Bring on the Tears

Published May 27, 2013 by jrm17

Saturday, we had a very interesting ghost tour.  We had a medium come.  Now, I was skeptic; I wasn’t sure how much our guide had told her before the tour started, but she started to say things that started to convince me.  That’s not really where the interesting part came.

If you’ve read my prior posts, then you might have read the story about Nathan, our little friend who speaks to us on the voice recorder in one of the cemeteries.  We don’t really know anything about him except for his name being Nathan and that he has a little friend, who is very shy.  I’ve searched up and down the area where we usually get his voice but have yet to find a grave with his name on it.  Our medium told us that’s because he’s lost.  He doesn’t know that he’s dead and can’t really figure things out.
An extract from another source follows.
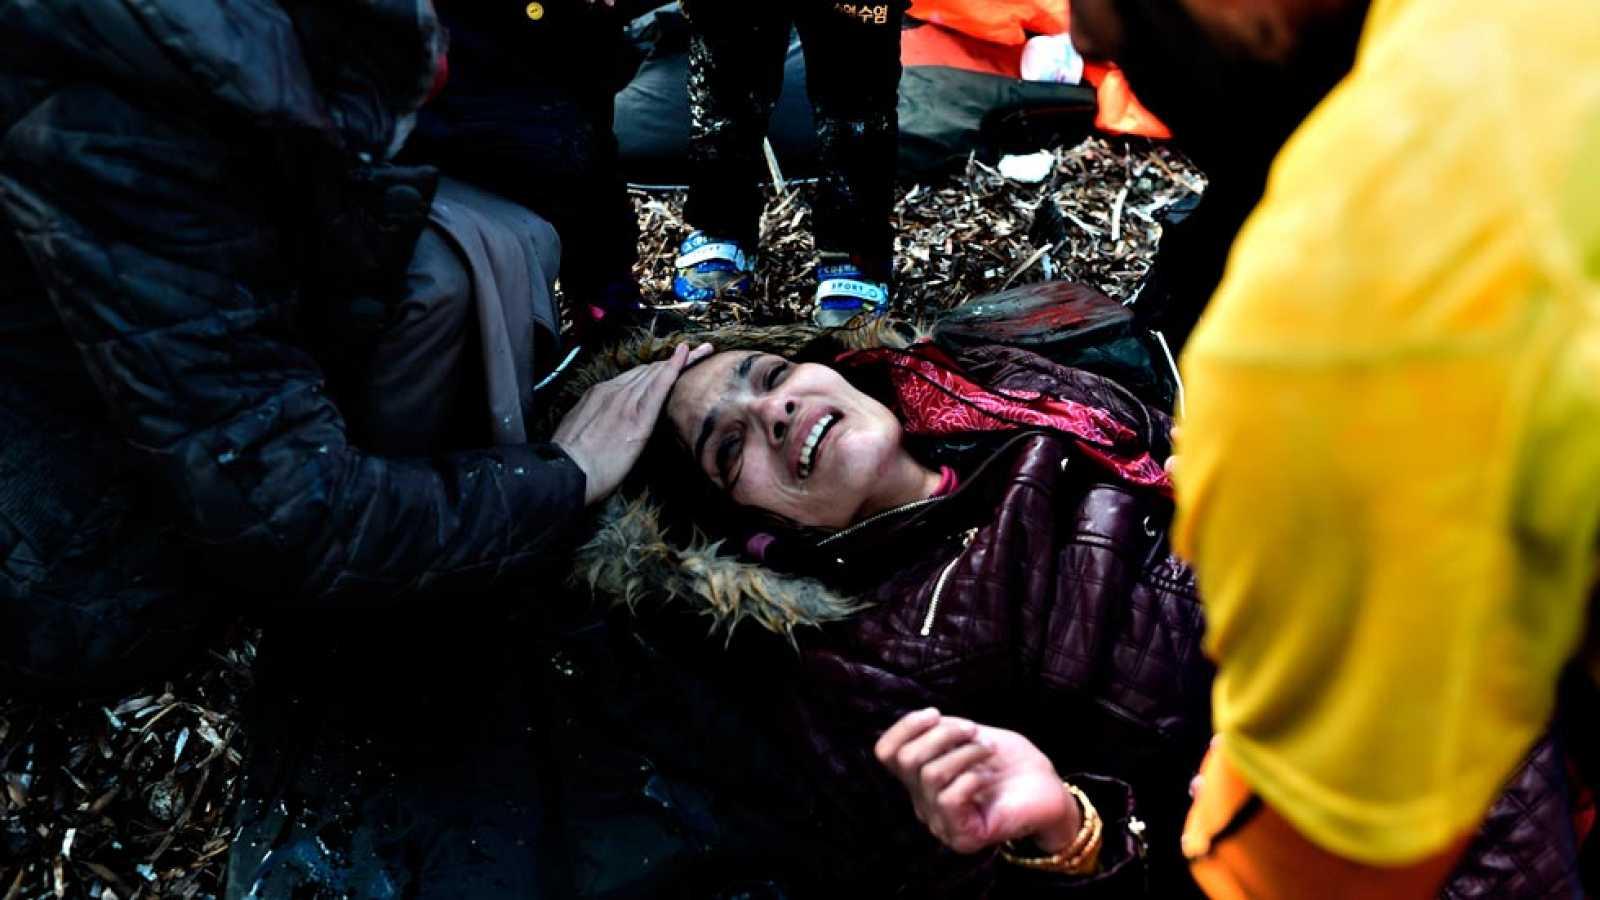 Los equipos de rescate siguen buscando supervivientes del último naufragio en Lesbos

I’m not so sure I would have believed this if she hadn’t picked up on something that she couldn’t have been told before she talked about being lost.  She said that Nathan showed her a yellow ball and that he wanted to play.  Last fall, we went to visit him, and I left him a yellow ball.  I always assumed that the wind was why I couldn’t find it when we returned, but it makes me really happy to think that he has it.

I was a little upset to find out he’s lost, but in a way, that wasn’t really surprising.  Daddy and I walked down the road where we find him, and I started talking.  Because he’s lost, I’m really starting to wonder if he thinks of me as his mom.  I’m fairly certain he is looking for him mom though.  On a few occasions, we’ve heard him say “mama.”  I asked him some questions while we walked.

We stopped at a certain point because it got really cold–like cold chills and abnormally cold compared to the temperature.  I kept asking Nathan if he was there or close to me.  Here’s where things get interesting, and for me, really moving.

I’ve never done this before, but I trust Nathan.  I held out my hand and asked him to grab it if he was close to me.  While my daddy stayed freezing and the rest of my body did, my hand got really warm as if someone was holding it.  I had a tingly sensation like it was asleep.  I asked him if it was him and to walk with me to the next tree.  When I started to move, he let go.

This was one of the most moving experiences I’ve ever had.  Knowing this little boy is lost but trusts me that much broke my heart.  It made me think of the little ones in our family, and I started to cry as I walked away.  I want to help him so badly, and to think I can’t or might not be able to, breaks my heart even more.